II. Asuhan Keperawatan
Asuhan keperawatan adalah suatu proses atau rangkaian kegiatan pada
praktek keperawatan yang langsung diberikan kepada klien pada berbagai
tatanan pelayanan kesehatan, dalam upaya pemenuhan kebutuhan dasar
manusia, sg menggunakan metodologi proses keperawatan, berpedoman
pada standar keperawatan dilandasi etik dan etika keperawatan, dalam
lingkup wewenang serta tanggung jawab keperawatan. Berikut ini adalah
tahapan dari proses keperawatan :
1. Pengkajian
a. Pengkajian data dasar
1) Data demografi klien meliputi usia, jenis kelamin,
pekerjaan, suku bangsa dan pendidikan. Data ini penting
untuk mendapatkan gambaran tentang kemungkinan factor
predisposisi timbulnya masalah keperawatan peritonitis.
2) Riwayat kesehatan sekarang
Kaji mengenai tanda dan gejala yang muncul pada penyakit
peritonitis tuberculosis: nyeri pada perut, pembengkakan
perut, tidak nafsu makan. Batuk, demam, kelemahan,
distensi abdomen.
b. Kaji manifestasi klinik terhadap:
1) Biologis
a. Nutrisi
Dengan adanya peradangan mengakibatkan perubahan
metabolisme di dalam tubuh, maka harus dikaji kualitas dan
kualitas nutrisi. Kondisi yang menghambat pemasukan
nutrisi (mual, muntah, anoreksia), penurunan berat badan.
b. Eliminasi
Frekuensi dan kuantitas urine dan feces. Digali juga
mengenai hambatan yang menyertai, apakah terjadi
perubahan warna urine, jumlah ataupun frekkuensi.

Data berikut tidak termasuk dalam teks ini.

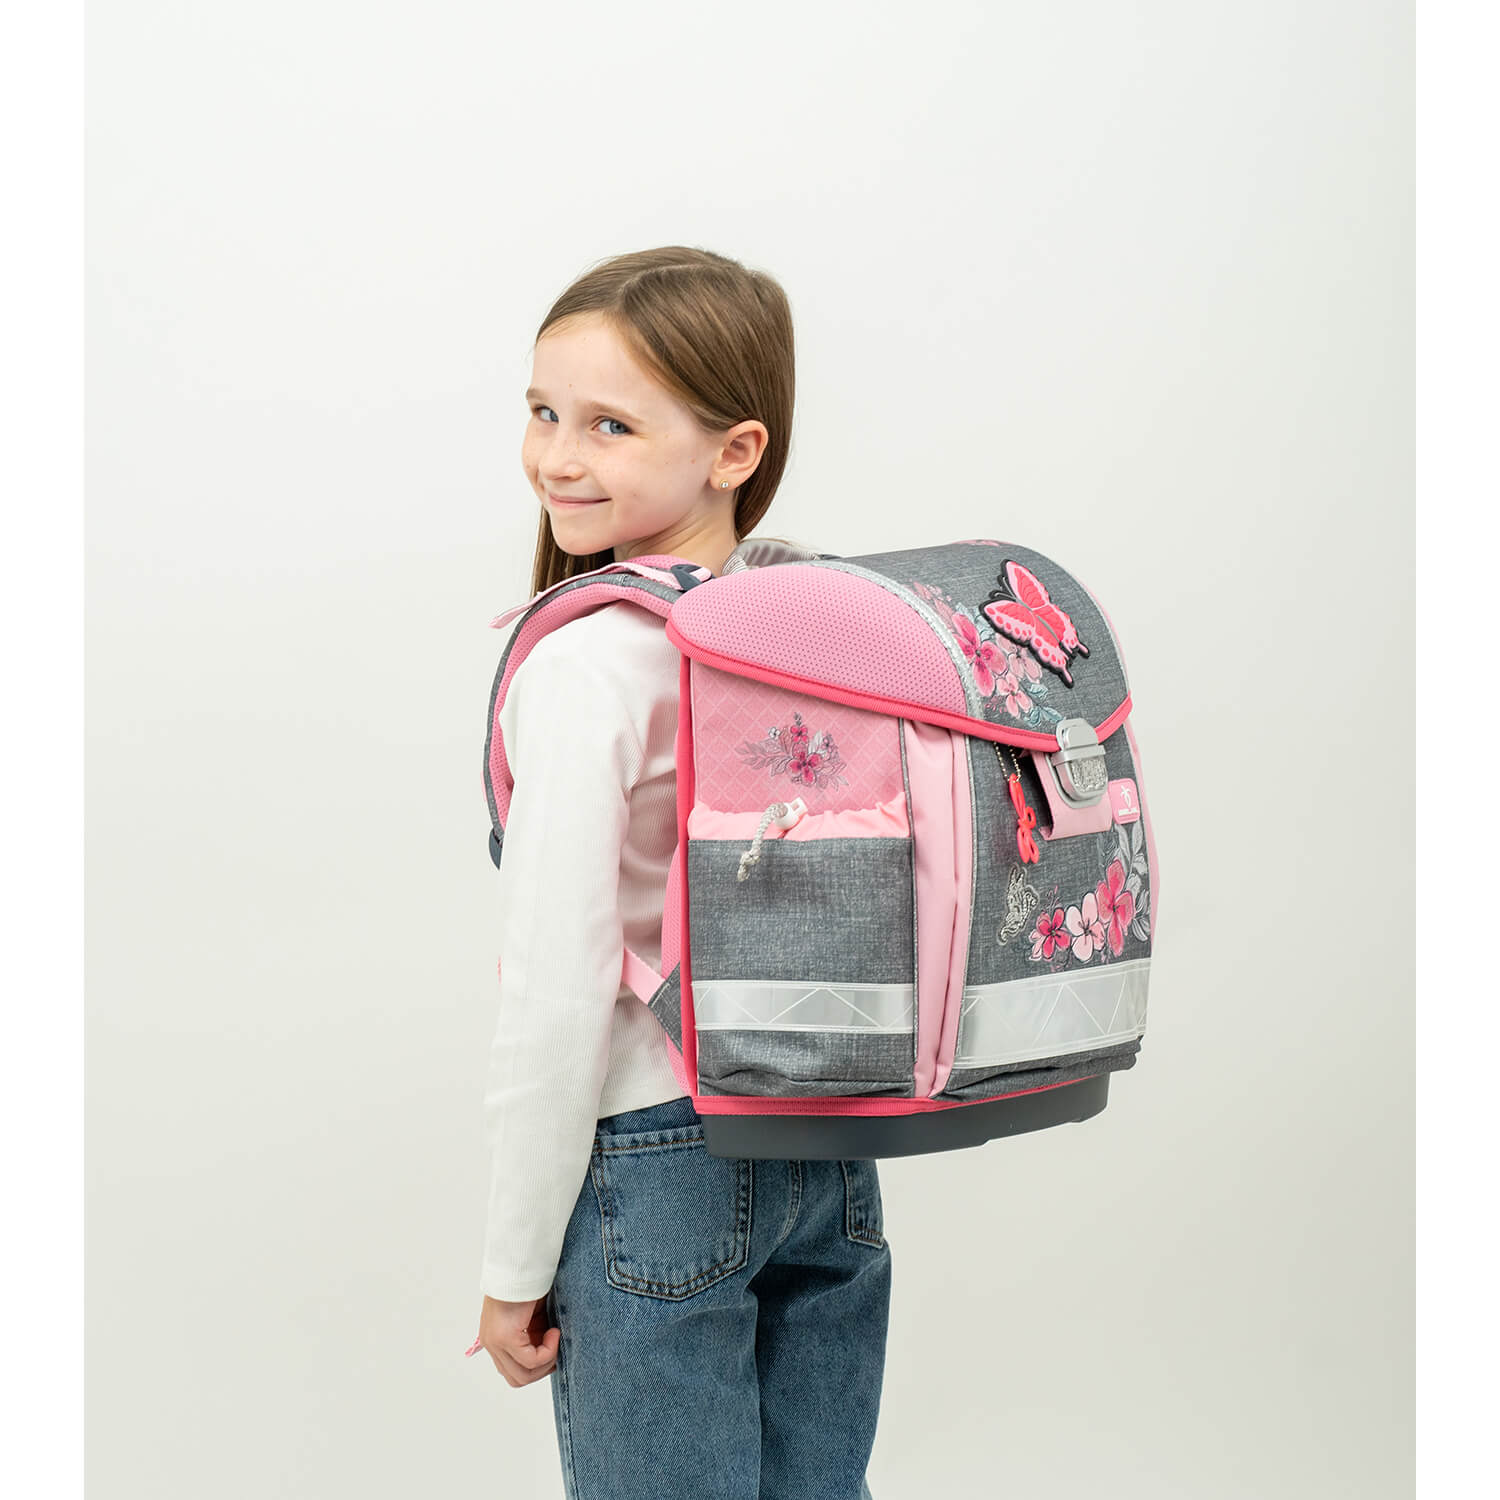 Classy Elegant schoolbag set 4 pcs
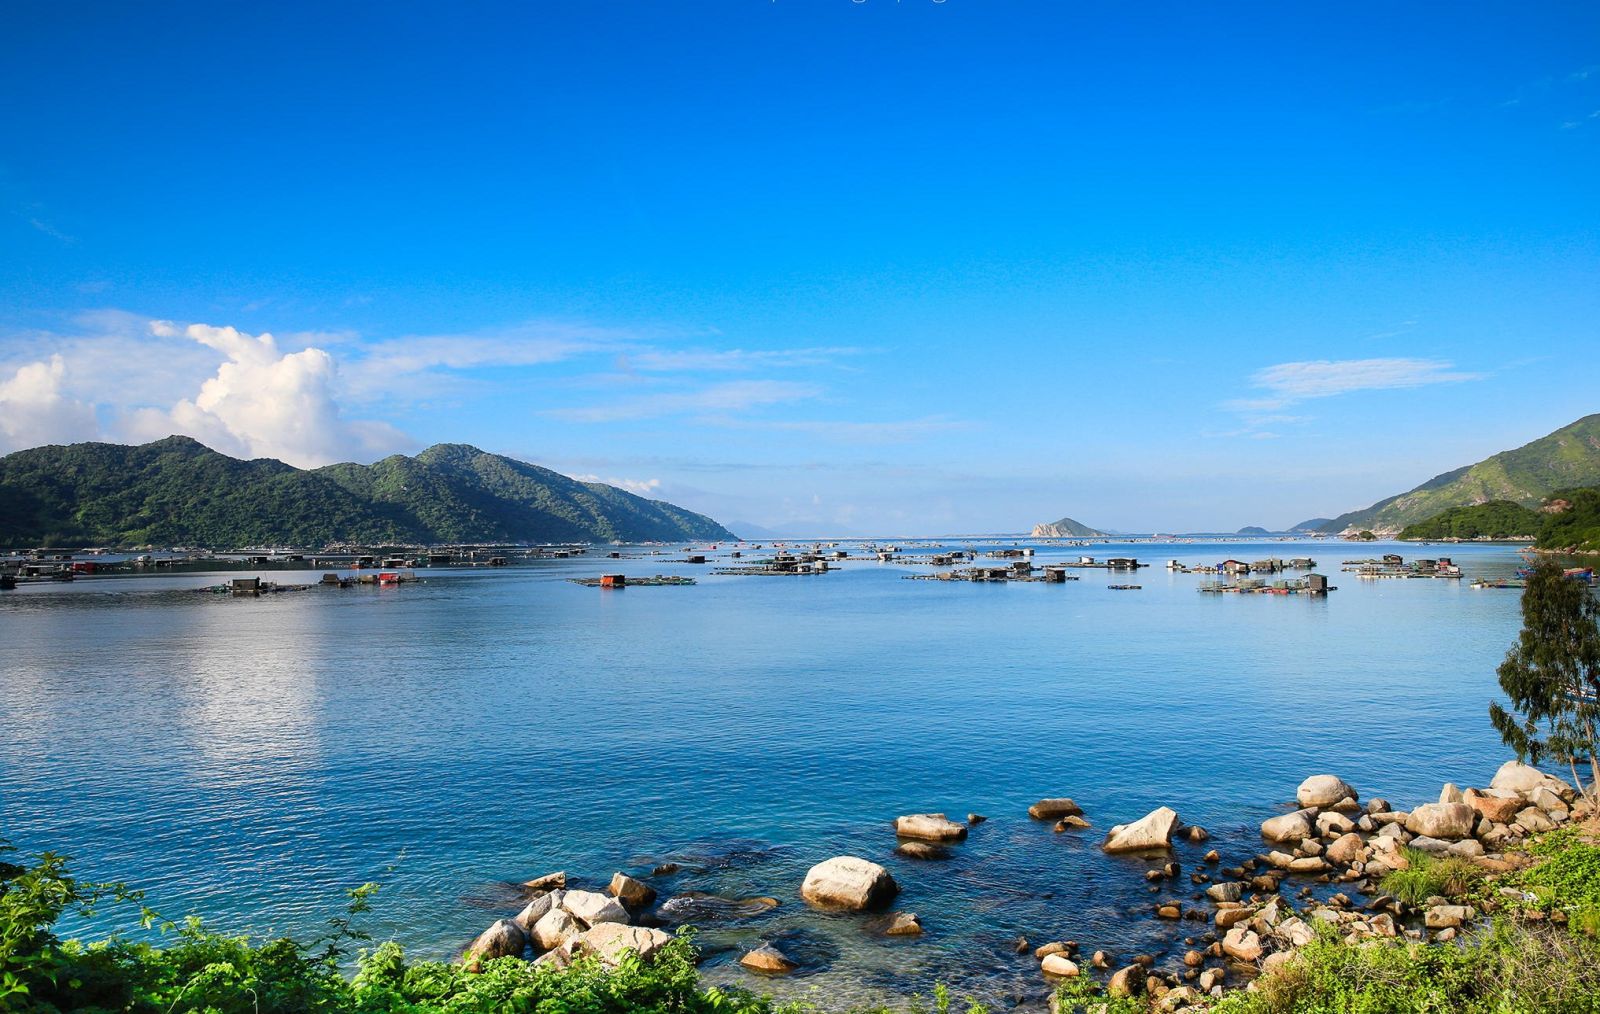 Dự án đất nền Golden Bay là khu đô thị quốc tế kiểu mẫu đầu tiên và duy nhất nằm bên Bãi Dài - Nha Trang, một trong những vịnh đẹp nhất thế giới

c. Keseimbangan cairan dan sirkulasi
Perlu dikaji pada peritonitis tuberculosis adalah ascites
karena adanya perpindahan cairan dari ekstraseluler,
intravaskuler, dan area interstitial ke dalam usus atau area
peritoneal, adanya muntah atau secara medik cairan
dibatasi, demam.
d. Aktivitas/ istirahat
Pola, kelemahan, hambatan, kebiasaan, malaise umum
sehubungan dengan hambatan dalam metabolisme atau rasa
nyeri yang mengganggu.
e. Personal hygiene
Mengkaji kemandirian dan tingkat pemenuhan kebutuhan
personal hygiene yang juga dihubungkan dengan rasa sakit
di perut kuadran atas.
2. Diagnosa Keperawatan
Diagnosa adalah pernyataan yang dirumuskan berdasarkan data
yang terkumpul dan berupa rumusan tentang respon klien terhadap
masalah kesehatan actual dan potensial serta factor etiologi yang
berkontribusi terhadap timbulnya masalah yang perlu diatasi dengan
tindakan/intervensi keperawatan.
Diagnosa keperawatan yang muncul pada klien dengan
peritonitis adalah :
a. Nyeri akut berhubungan dengan peradangan peritoneum perifer
(toksin), akumulasi cairan dalam rongga abdomen/peritoneal
(distensi abdomen), trauma jaringan.
b. Ketidakseimbangan nutrisi :kurang dari kebutuhan berhubungan
dengan mual/muntah, disfungsi usus, peningkatan kebutuhan
metabolic, anoreksia.
c. Kekurangan volume cairan (kehilangan aktif) berhubungan dengan
perpindahan cairan dari ekstraseluler, intravaskuler, dan area
interstitial ke dalam usus dan/atau area peritoneal, muntah, aspirasi
NGT/ usus, demam, secara medik cairan dibatasi.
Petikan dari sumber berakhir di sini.